Factors to consider in mediation

Qualitative factors are also critical. These may include an interest in preserving a commercial relationship between the parties, or otherwise avoiding rapidly accruing legal and expert fees, detrimental reputational repercussions of the matter being heard (publicly) in the courtroom, risk of an adverse costs order in the event of an unfavourable judicial outcome, or even possible difficulties with costs recovery in the alternative scenario of success.

One ought to consider: How will the client feel if the matter does not resolve at mediation? Will the client be okay to litigate with these risks in mind? By undertaking a thorough risk assessment, keeping clients’ expectations within realistic parameters becomes a little easier. A client will not be able to ascertain an appropriate “bottom line” nor will they be in a position to properly evaluate an offer put before them unless they can properly understand the risks of their case and the alternative available avenues (and outcomes) if the mediation were to fall away.

As litigators, we carry the risk of falling into a fruitless vacuum as stars of our own courtroom television drama, instinctively leaning into an acrimonious defence position and vehemently bridling at any suggestion of a deficiency in our case. However, mediation is not a zero-sum game, and demeanour that may be appropriate in a courtroom (e.g standing up and exclaiming “I object” or cross-examining another party) will unlikely be appropriate across a mediation table. When engaging in negotiations at a mediation, adopting an approach that is conducive to our ultimate objective of reaching a mutually acceptable outcome will be most effective. We are afforded an opportunity to, and should, depart from positional bargaining. Taking the opportunity to understand the other parties’ concerns and being persuasive rather than adversarial will more likely facilitate an outcome in line with our client’s best interests. In the same vein, we must be conscious to maintain our professional integrity and remember that being respectful and courteous to other parties is a sign of strength rather than weakness.

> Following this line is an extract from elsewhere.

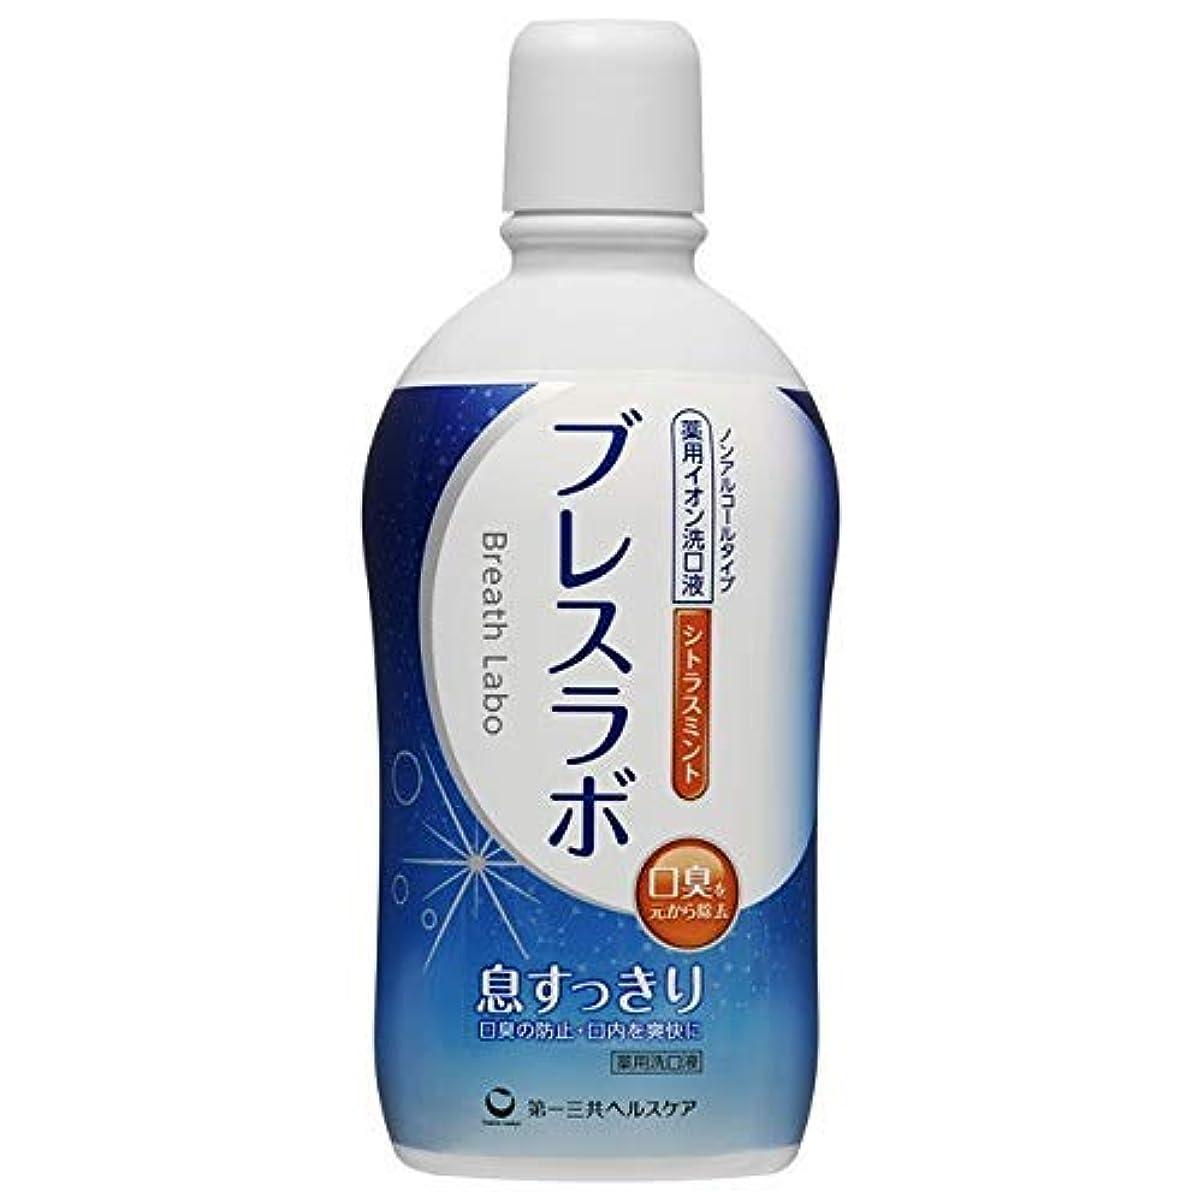 スリッパ段落バット第一三共ヘルスケア 薬用イオン洗口液 ブレスラボ マウスウォッシュ シトラスミント 450mL
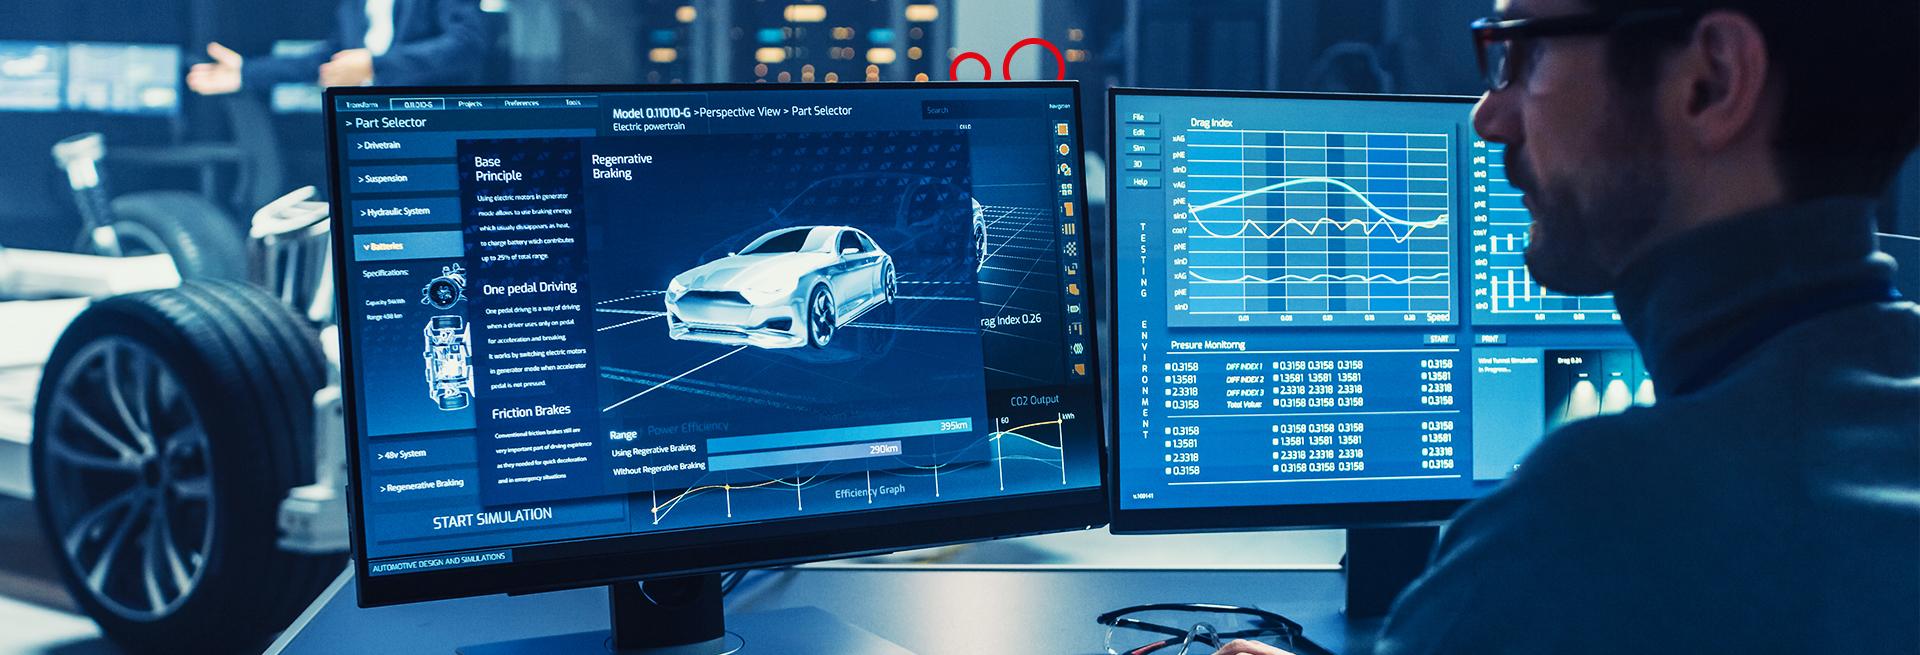 A pandemia trouxe à tona as necessidades e desafios da indústria automotiva, e pode impulsionar pesquisas para mudar a mobilidade antes do que se imagina.

Duty under the legislation

A recurring theme in the Civil Procedure Act 2005 (NSW) s 27, mediation agreements, and within broader mediation discourse, is that parties must conduct mediation in “good faith”. The notion of good faith transports us into a complex terrain of mediation ethics, which I will not attempt to discuss here.

However, one element of this concept of “good faith”, which is appropriately guided by the above-discussed risk assessment, is being cognisant to avoid misleading or deceiving other parties by making false assertions about a client’s case or failing to correct a misapprehension by another solicitor.  This is an obligation that applies to us as legal practitioners in and outside of mediation and aligns with our paramount duty to the administration of justice (Legal Profession Uniform Law Australian Solicitors’ Conduct Rules 2015 r 22.  See also r 4.1.2 and r 3.1).

Ultimately, while mediation may offer an alternative platform for resolving disputes, to mediate effectively, parties must be adequately informed of the risks associated with their own case and be realistic as to what might represent an outcome they would be content to walk away with. However, even more integral to an effective process, and consequently an effective outcome, will be an appreciation of the “non-adversarial” environment offered by mediation and accordingly, the adoption of an appropriate approach and attitude.

Elle Belekas is a solicitor at MinterEllison.